Return each line of the records below in which the string "Black" turns up.

*** Opening DATA SHOWN ***

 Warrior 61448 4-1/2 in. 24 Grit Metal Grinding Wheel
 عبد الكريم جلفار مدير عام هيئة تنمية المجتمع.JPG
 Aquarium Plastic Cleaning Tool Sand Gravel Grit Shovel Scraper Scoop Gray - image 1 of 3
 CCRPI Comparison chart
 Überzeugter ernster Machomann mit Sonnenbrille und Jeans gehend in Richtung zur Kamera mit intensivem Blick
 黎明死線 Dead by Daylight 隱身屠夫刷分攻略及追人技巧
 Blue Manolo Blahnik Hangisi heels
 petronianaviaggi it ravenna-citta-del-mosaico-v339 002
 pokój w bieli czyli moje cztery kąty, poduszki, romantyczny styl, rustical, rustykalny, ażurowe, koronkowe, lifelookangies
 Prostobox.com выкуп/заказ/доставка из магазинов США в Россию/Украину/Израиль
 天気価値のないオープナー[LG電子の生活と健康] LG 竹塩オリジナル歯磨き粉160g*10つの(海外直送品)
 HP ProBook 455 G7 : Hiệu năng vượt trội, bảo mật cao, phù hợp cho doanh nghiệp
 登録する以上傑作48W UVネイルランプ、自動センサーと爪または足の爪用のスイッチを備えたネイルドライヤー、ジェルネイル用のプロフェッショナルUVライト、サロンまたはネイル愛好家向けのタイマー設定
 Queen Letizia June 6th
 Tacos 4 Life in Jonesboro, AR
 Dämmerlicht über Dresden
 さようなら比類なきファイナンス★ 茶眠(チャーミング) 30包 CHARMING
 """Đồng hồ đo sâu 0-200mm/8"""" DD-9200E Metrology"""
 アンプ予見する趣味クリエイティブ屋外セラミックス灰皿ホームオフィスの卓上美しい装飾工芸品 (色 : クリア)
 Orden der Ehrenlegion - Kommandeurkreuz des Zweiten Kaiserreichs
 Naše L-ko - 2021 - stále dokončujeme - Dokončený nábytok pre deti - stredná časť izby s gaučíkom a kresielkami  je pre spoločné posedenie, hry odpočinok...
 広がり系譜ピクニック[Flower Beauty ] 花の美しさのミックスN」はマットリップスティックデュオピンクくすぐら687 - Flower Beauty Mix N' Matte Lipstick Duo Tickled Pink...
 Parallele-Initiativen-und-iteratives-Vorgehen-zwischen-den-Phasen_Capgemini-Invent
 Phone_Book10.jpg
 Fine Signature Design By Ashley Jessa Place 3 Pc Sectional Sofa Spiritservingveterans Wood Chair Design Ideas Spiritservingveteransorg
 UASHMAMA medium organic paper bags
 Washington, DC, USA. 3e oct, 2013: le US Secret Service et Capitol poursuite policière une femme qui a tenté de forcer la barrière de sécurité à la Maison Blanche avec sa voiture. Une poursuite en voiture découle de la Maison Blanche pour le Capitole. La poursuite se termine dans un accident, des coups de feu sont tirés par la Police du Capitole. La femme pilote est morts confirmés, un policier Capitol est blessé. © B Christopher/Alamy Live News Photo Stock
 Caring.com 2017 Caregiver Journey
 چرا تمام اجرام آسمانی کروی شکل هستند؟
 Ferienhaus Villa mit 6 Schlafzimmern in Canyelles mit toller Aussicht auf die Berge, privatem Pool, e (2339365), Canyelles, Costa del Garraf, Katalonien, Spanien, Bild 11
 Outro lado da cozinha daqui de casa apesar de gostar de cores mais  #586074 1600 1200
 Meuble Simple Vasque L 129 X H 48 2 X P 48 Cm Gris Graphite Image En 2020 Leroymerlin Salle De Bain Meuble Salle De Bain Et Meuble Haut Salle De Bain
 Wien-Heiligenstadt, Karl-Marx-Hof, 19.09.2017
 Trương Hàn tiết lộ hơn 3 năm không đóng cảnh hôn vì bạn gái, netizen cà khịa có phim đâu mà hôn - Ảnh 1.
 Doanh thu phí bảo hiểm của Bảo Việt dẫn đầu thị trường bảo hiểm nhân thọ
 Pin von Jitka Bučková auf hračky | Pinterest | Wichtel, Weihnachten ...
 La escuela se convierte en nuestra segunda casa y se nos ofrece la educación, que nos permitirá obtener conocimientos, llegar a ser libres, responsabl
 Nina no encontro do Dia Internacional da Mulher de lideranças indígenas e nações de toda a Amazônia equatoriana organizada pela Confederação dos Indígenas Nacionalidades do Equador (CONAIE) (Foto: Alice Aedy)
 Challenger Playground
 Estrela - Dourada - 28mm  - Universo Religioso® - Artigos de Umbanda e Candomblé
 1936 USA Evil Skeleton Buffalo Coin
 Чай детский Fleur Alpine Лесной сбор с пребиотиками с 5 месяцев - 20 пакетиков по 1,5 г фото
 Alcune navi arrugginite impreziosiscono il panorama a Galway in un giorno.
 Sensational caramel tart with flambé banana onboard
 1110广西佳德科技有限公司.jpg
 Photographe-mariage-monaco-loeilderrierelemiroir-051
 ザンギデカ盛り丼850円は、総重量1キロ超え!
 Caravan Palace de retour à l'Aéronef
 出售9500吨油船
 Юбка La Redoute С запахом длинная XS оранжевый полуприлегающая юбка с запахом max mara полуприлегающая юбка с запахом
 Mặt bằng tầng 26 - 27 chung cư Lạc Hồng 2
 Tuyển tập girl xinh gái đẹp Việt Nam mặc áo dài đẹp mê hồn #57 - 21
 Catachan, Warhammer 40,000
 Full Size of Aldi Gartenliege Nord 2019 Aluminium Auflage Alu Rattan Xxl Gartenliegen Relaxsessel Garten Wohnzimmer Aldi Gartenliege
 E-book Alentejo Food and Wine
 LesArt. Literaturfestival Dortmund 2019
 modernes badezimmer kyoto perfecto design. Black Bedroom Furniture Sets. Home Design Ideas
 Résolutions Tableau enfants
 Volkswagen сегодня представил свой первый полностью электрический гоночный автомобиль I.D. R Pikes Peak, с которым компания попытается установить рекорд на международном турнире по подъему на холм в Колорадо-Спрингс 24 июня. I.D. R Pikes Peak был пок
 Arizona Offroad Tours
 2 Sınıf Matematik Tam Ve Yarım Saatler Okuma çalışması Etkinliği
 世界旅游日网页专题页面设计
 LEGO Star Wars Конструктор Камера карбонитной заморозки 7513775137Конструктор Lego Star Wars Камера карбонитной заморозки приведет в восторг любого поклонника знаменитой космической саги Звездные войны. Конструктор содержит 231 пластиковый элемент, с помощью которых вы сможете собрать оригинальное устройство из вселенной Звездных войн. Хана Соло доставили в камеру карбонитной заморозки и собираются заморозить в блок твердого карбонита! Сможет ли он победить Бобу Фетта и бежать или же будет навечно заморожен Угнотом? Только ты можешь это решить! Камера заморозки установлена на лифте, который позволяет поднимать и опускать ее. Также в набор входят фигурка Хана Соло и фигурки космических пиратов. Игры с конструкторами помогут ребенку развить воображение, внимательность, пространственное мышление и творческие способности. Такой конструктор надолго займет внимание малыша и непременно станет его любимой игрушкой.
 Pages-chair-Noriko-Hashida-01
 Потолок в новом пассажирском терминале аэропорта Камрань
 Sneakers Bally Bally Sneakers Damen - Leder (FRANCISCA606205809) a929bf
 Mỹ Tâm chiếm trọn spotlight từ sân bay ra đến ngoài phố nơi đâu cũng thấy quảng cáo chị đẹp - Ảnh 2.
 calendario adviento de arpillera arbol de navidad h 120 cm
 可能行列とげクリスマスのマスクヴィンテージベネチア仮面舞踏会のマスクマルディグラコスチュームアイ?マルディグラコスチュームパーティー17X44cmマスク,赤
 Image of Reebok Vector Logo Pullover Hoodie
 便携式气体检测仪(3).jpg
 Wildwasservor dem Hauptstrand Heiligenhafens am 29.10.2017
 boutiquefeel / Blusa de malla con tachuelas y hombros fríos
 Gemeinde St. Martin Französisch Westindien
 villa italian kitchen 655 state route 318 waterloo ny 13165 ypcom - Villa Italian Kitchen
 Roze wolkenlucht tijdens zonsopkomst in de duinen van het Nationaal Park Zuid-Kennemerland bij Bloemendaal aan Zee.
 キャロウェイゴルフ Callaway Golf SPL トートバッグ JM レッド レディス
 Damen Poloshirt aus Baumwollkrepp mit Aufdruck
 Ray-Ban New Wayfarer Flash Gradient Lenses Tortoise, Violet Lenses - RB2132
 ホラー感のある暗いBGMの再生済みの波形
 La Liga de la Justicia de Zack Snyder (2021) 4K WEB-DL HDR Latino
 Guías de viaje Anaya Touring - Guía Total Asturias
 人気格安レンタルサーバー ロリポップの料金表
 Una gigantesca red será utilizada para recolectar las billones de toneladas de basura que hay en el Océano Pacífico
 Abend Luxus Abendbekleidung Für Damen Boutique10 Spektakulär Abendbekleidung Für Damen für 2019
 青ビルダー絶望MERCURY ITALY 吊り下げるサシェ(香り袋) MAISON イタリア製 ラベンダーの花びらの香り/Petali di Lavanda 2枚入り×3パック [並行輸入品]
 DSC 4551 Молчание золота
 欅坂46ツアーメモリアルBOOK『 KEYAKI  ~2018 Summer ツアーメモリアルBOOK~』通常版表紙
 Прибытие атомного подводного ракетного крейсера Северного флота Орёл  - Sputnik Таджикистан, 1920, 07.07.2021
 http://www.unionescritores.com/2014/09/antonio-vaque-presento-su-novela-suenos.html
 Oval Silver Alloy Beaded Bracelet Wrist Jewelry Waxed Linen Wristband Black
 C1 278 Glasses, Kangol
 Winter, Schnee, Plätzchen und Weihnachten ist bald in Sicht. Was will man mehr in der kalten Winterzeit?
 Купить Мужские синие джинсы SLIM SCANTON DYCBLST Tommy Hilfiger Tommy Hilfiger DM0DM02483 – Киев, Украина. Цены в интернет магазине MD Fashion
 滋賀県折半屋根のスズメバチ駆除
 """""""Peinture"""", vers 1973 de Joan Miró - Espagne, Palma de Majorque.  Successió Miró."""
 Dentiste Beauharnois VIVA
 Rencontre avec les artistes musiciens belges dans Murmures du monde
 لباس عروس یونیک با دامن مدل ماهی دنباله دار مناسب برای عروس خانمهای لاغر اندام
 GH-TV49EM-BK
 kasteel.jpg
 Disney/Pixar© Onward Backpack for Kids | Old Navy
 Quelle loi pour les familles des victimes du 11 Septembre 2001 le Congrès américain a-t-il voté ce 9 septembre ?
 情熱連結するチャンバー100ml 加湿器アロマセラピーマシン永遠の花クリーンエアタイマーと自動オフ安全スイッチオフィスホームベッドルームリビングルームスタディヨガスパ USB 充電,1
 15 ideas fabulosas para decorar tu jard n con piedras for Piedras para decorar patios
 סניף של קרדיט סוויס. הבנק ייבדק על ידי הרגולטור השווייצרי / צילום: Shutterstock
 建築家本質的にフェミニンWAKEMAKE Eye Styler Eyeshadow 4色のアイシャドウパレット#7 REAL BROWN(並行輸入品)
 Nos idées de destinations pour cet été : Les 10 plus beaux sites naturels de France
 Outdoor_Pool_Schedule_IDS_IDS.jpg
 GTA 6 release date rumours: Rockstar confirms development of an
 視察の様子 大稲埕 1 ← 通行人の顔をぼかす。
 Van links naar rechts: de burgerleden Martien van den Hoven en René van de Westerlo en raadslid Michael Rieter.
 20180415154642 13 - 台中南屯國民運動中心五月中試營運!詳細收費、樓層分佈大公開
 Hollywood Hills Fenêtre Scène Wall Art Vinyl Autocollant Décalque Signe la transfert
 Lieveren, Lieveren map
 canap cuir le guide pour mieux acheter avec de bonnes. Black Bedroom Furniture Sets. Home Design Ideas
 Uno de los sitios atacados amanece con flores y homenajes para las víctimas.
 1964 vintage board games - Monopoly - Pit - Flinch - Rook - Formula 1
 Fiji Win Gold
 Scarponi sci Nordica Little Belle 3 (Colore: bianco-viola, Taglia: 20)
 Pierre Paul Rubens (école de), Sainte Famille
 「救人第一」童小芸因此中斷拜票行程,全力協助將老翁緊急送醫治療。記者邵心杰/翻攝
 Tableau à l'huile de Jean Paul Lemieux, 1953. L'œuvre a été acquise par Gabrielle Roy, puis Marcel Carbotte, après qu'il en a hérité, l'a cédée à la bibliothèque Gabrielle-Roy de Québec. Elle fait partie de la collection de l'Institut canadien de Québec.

*** Closing DATA SHOWN ***

▶ **RESULT**
 modernes badezimmer kyoto perfecto design. Black Bedroom Furniture Sets. Home Design Ideas
 Oval Silver Alloy Beaded Bracelet Wrist Jewelry Waxed Linen Wristband Black
 canap cuir le guide pour mieux acheter avec de bonnes. Black Bedroom Furniture Sets. Home Design Ideas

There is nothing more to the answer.